KHARTOUM – Senior Sudanese government officials are telling Sudans Post that the country has agreed to normalize ties with Israel, the only Jewish state in the world, after United States’ President Donald Trump gave the ruling military a 24-hour ultimatum to decide.
Yesterday, a senior government official from the country’s foreign ministry told Sudans Post’s Nancy Abdel Rahaman in Khartoum that Trump had earlier this week gave Sudan between October 14, and midnight October 15 to decide on the normalization as he prepares to take off the country from a devastating as state sponsor of terrorism.

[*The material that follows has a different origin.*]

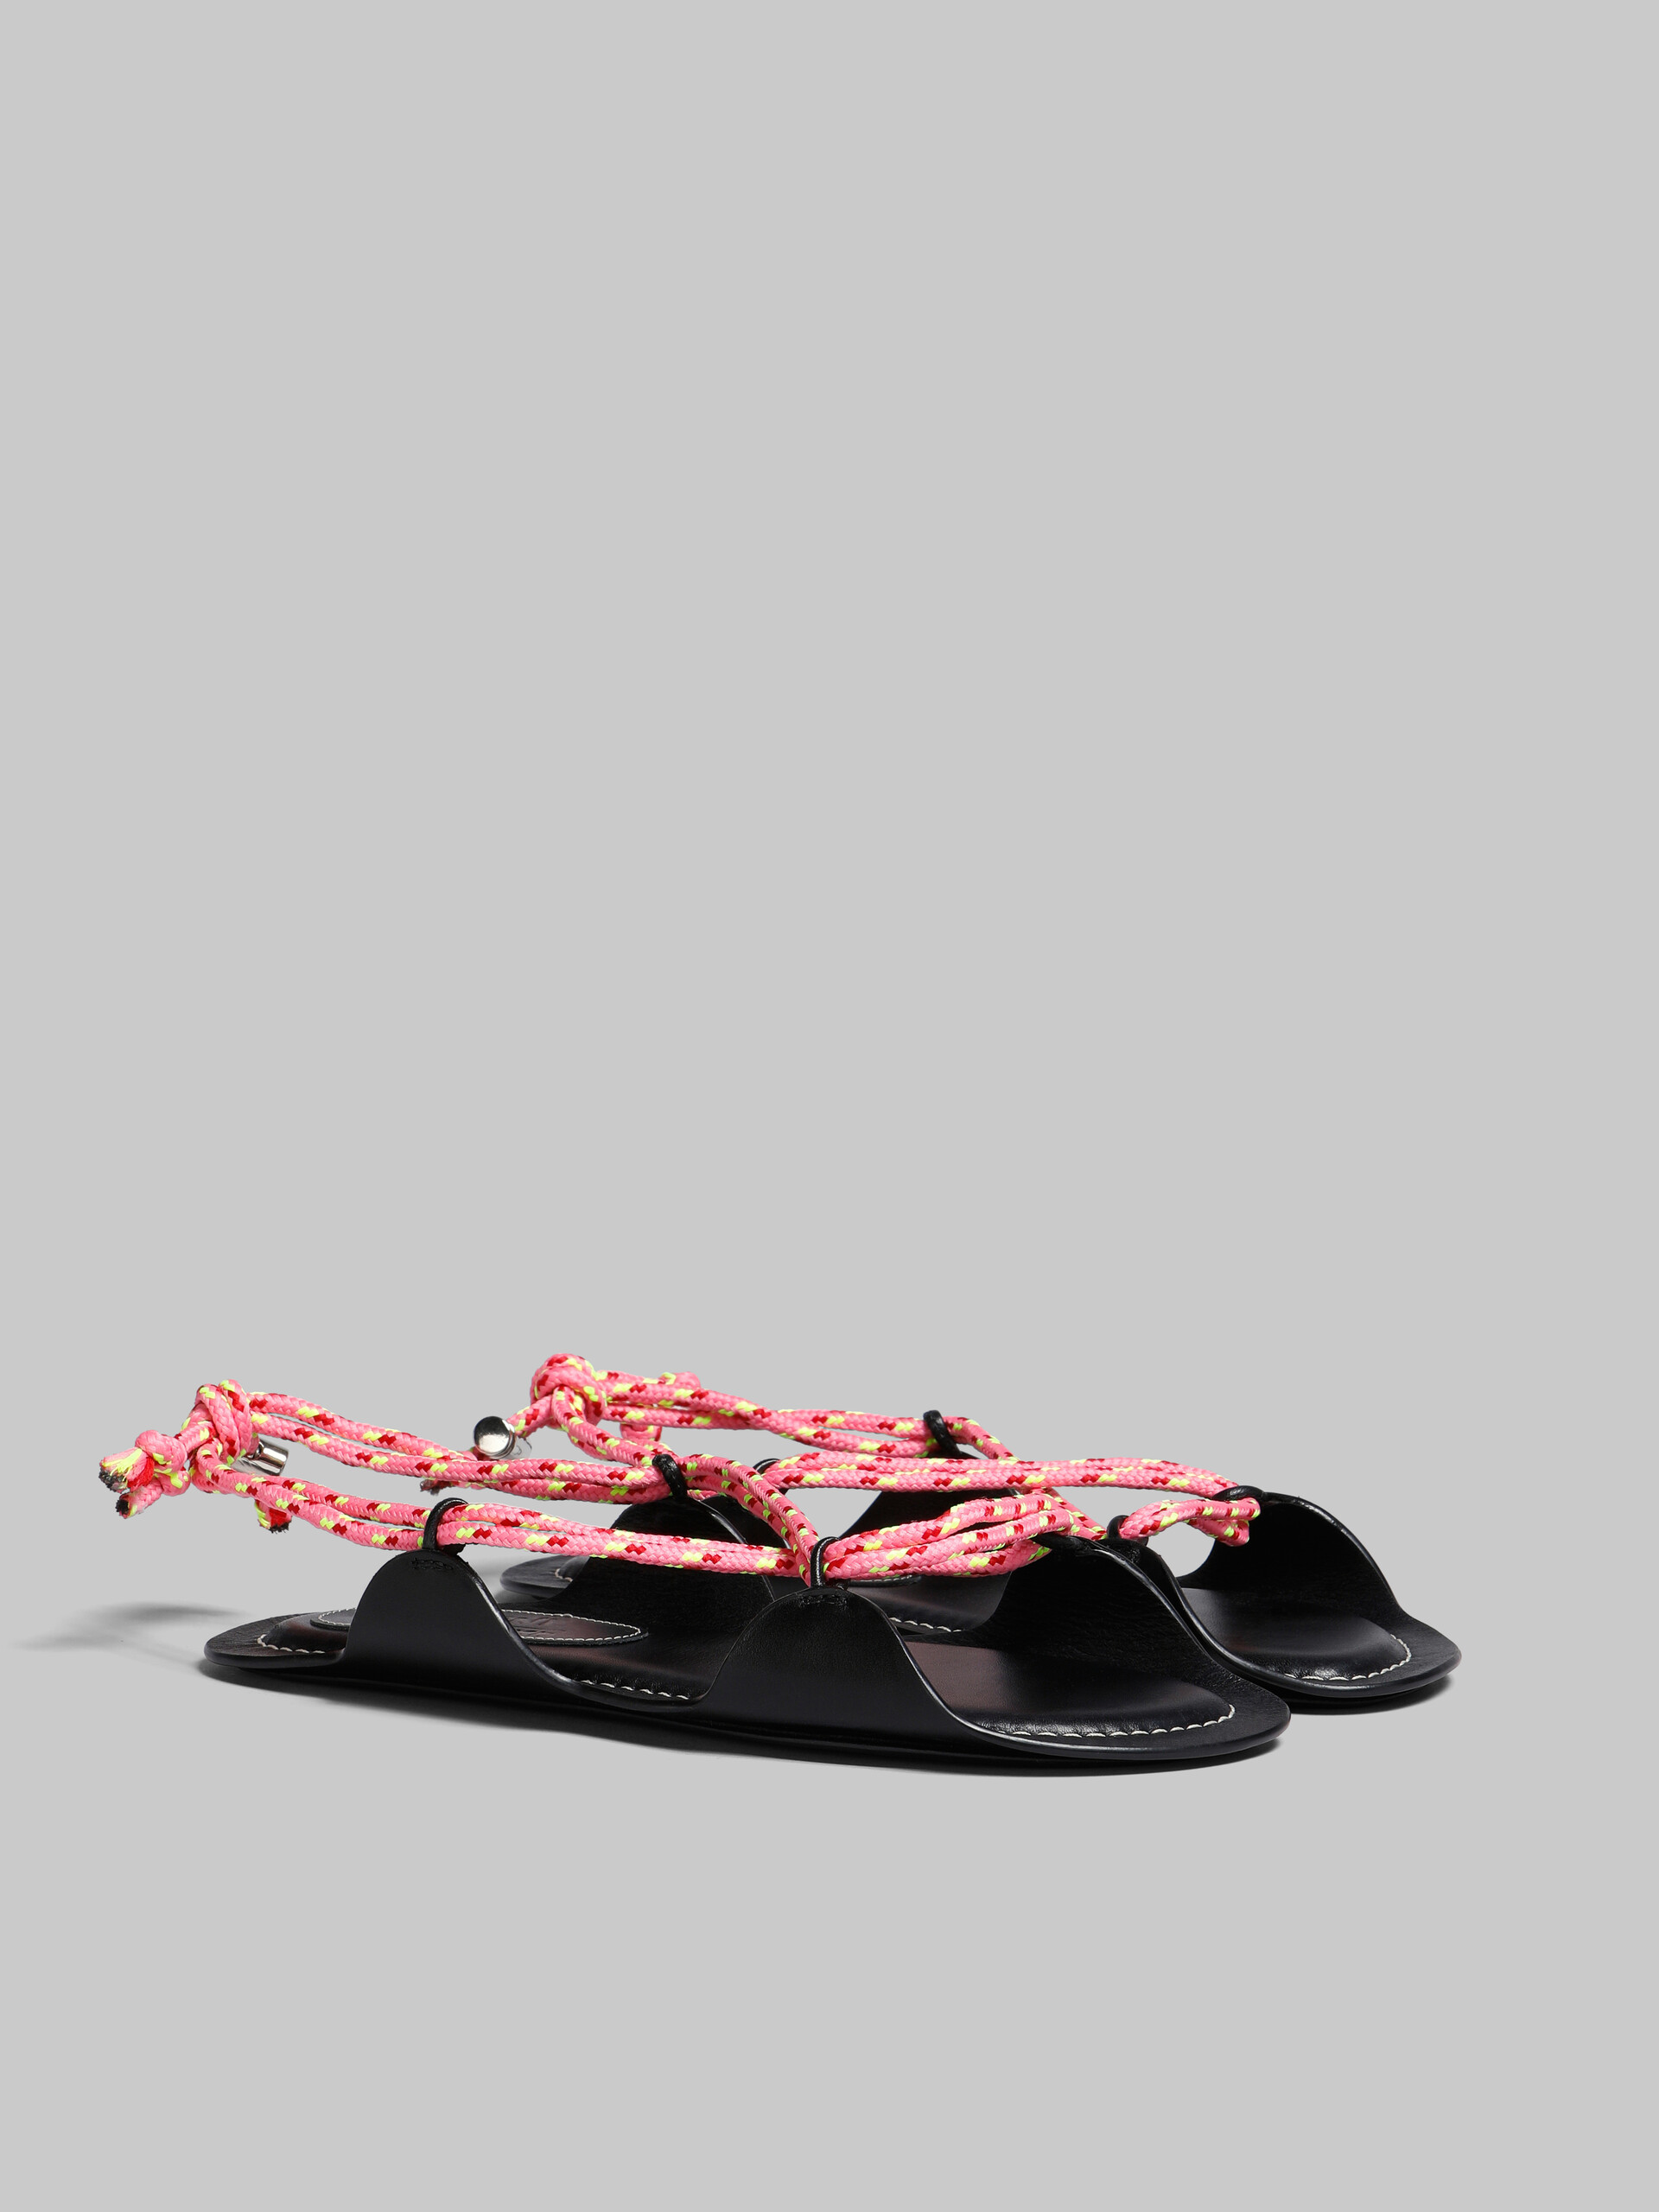 Marni x No Vacancy Inn - Black leather sandals with multicolour rope - Sandals - Image 2

“The government has agreed to normalize with Israel and we are going to inform the United States of this decision anytime from now,” the senior government official close to Hamdok told Sudans Post in Khartoum. “In return, there are things that the United States is going to fulfill before we go for talks with our Israeli counterparts.”
Another government official said the country’s ruling military has – since the ouster of longtime dictator Omar al Bashir – been in a position that normalization of ties with Israel would improve the country’s economy ruining by al Bashir’s regime.
“You know, the Transitional Sovereign Council has been in favor of normalization with the State of Israel. This is because the country’s pariah status is complicated by the enmity of the deposited regime toward Israel and other Western countries and so they believe normalizing will address most of these challenges,” the official said on condition of anonymity.
The latest developments regarding the Sudanese-Israeli relations comes a few weeks after senior government officials including Prime Minister Abdalla Hamdok gave contradicting views regarding Sudan’s relations with Israel.
Hamdok said United States should not link the normalization with the Middle East country to the talks to remove his country from the terror list.
Days later, the deputy chairperson of the sovereign council and powerful commander of the Rapid Support Forces (RSF), General Mohamed Hamdan Daglo, also known as ‘Hemeti, said normalizing ties with Israel will improve the state of the country’s economy, but stopped short of saying whether the country will normalize with the Jewish state.
Days earlier, the Islamic Jurisprudence Academy, an Islamic institution critical of Israel as a Jewish state, issued a fatwa prohibiting any kind of relationship with the country.
However, a senior member of the Sudan Scholars Association (SCA) over the weekend issued a separate fatwa permitting practice of diplomatic relationship with any country in the world including Israel saying “such diplomatic relations are political and legal, and not religious.”